DETAILED DESCRIPTION OF A PREFERRED EMBODIMENT OF THE INVENTION
With reference to FIG. 1, a device 2 for generating a rule-set 10,
reads and analyses entries into an input lexicon 4 and generates a
set 10 of grapheme-phoneme rules. The device 2 may be, for example,
a computer program executed on a processor of a computer system,
implementing a method of generating grapheme-phoneme rules
according to the present invention.
The lexicon input 4 comprises a plurality of entries, each entry
being formed by a character string and a corresponding phoneme
string indicating pronunciation of the character string. By
analysing each entry's character string pattern and corresponding
phoneme string pattern in relation to character string-phoneme
string patterns in other entries, the method is able to create
grapheme to phoneme rules for a text-to-speech synthesizer, not
shown in figure. A text-to-speech synthesizer uses the generated
rule-set 10 to analyse an input text containing character strings
written in the same language as the lexicon 4, for producing an
audible rendition of the input text.
The device 2 comprises two main blocks, connected in series between
the input lexicon 4 and the generated output rule-set 10, an
alignment block 6 for the assignment of phonemes to graphemes
generating them in the lexicon 4, and a rule-set extraction block 8
for generating, from an aligned lexicon, the rule-set 10 for
automatic grapheme to phoneme conversion.

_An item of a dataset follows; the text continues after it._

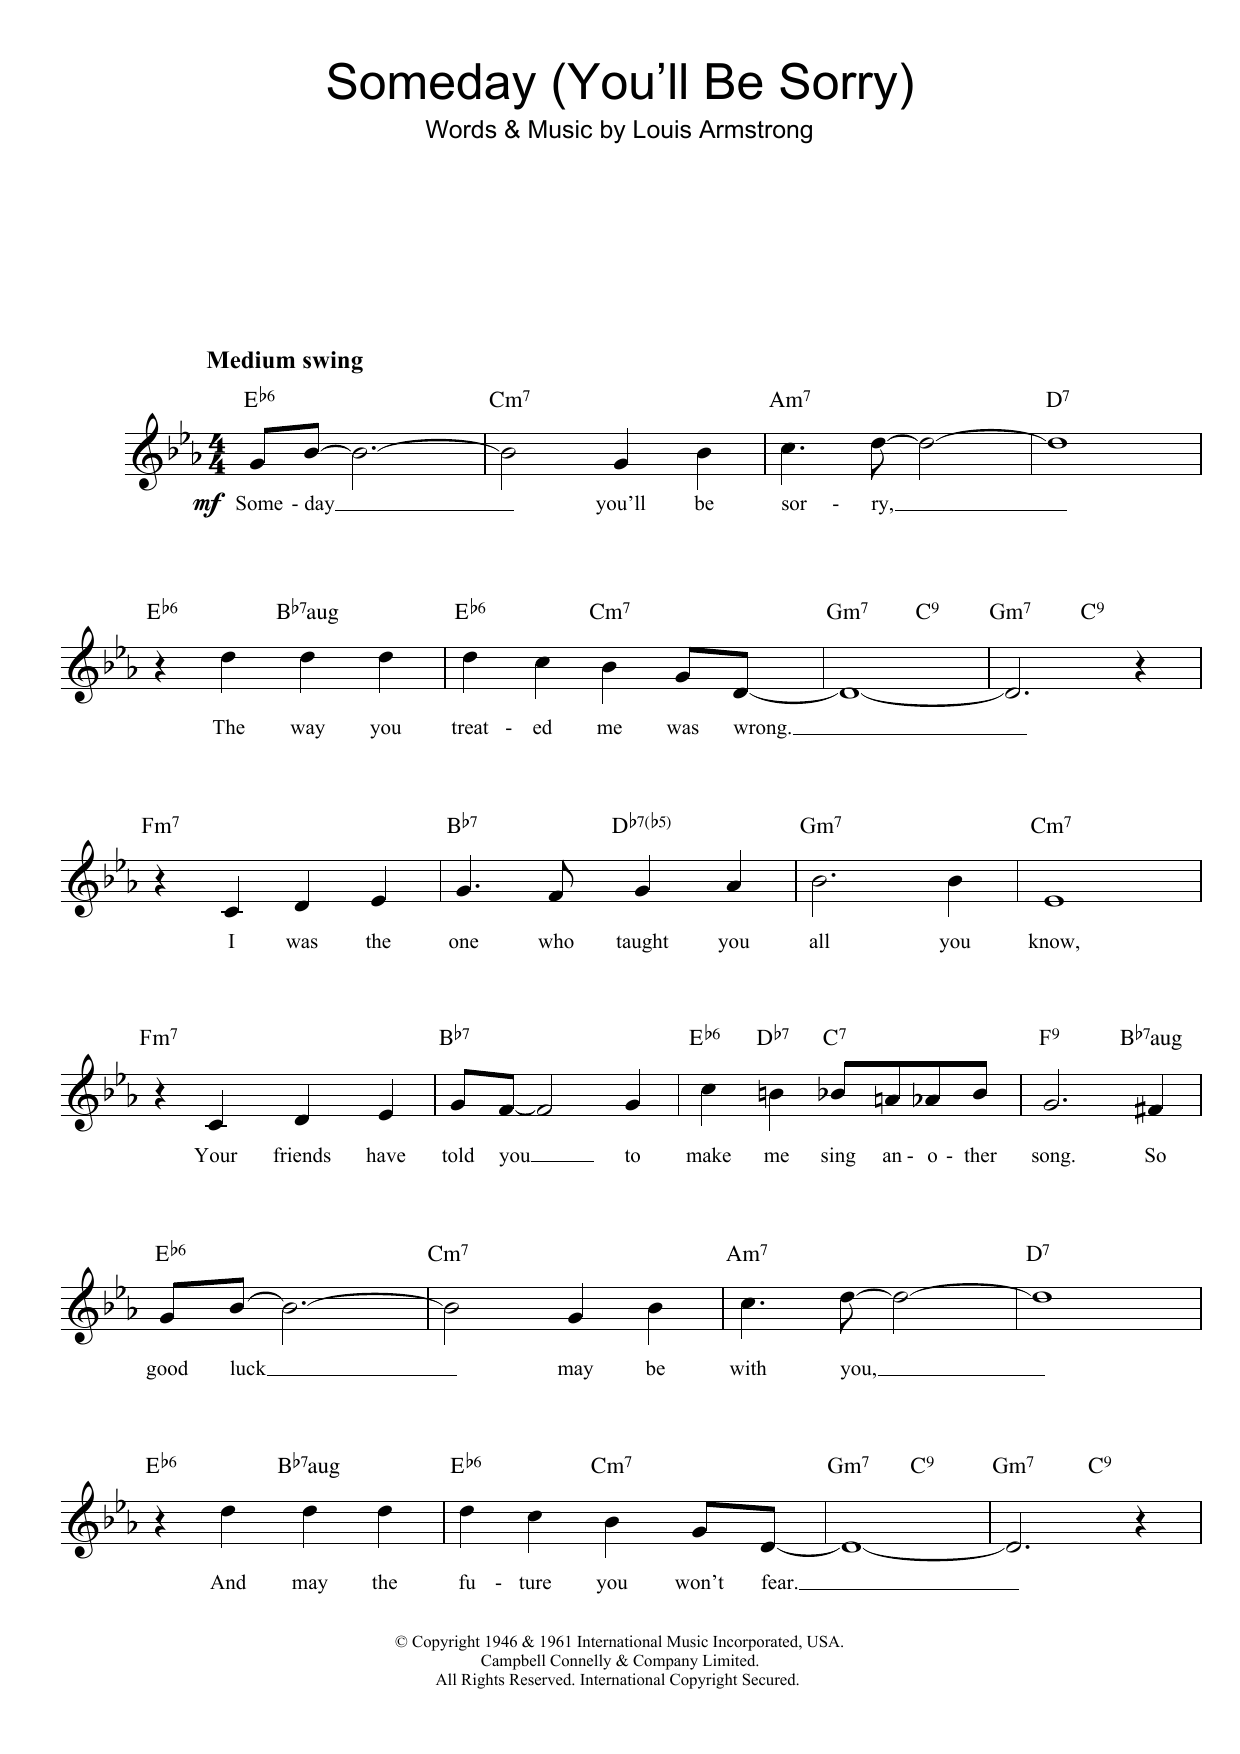 Louis Armstrong Someday (You'll Be Sorry) sheet music notes printable PDF score

The present invention provides in particular a new method of
implementing the grapheme-to-phoneme alignment block 6.
The block flow diagram in FIG. 2 shows the main structure of the
alignment method implemented in block 6.
A first block F1, explained in detail hereinbelow with reference to
FIG. 3, implements a preliminary alignment step, which generates a
plurality of grapheme and phoneme clusters, each cluster comprising
a sequence of at least two components. A subsequent block F2,
explained in detail hereinbelow with reference to FIG. 5,
implements a step of enlargement of the grapheme-set and
phoneme-set, using said grapheme and phoneme clusters, and a step
of rewriting the lexicon according to the new grapheme and phoneme
sets.
The block F3, following block F2, implements a second alignment
step on the lexicon which has been rewritten with the new graphemic
and phonetic sets. Such second step of the lexicon alignment
process is quivalent to the preliminary alignment step F1.
The grapheme-set/phoneme-set enlargement step F2 and the second
alignment step F3 can be looped several times, see decision block
F4 in FIG. 2, until the obtained alignment is considered stable
enough. In block F4 the system calculates a statistical
distribution of grapheme and phoneme clusters generated in the
second alignment step F3 and repeats the execution of blocks F2, F3
in case the number of the generated grapheme and phoneme clusters
is greater then a predetermined threshold THR3, whose value can be,
for example, an absolute value between 2 and 6.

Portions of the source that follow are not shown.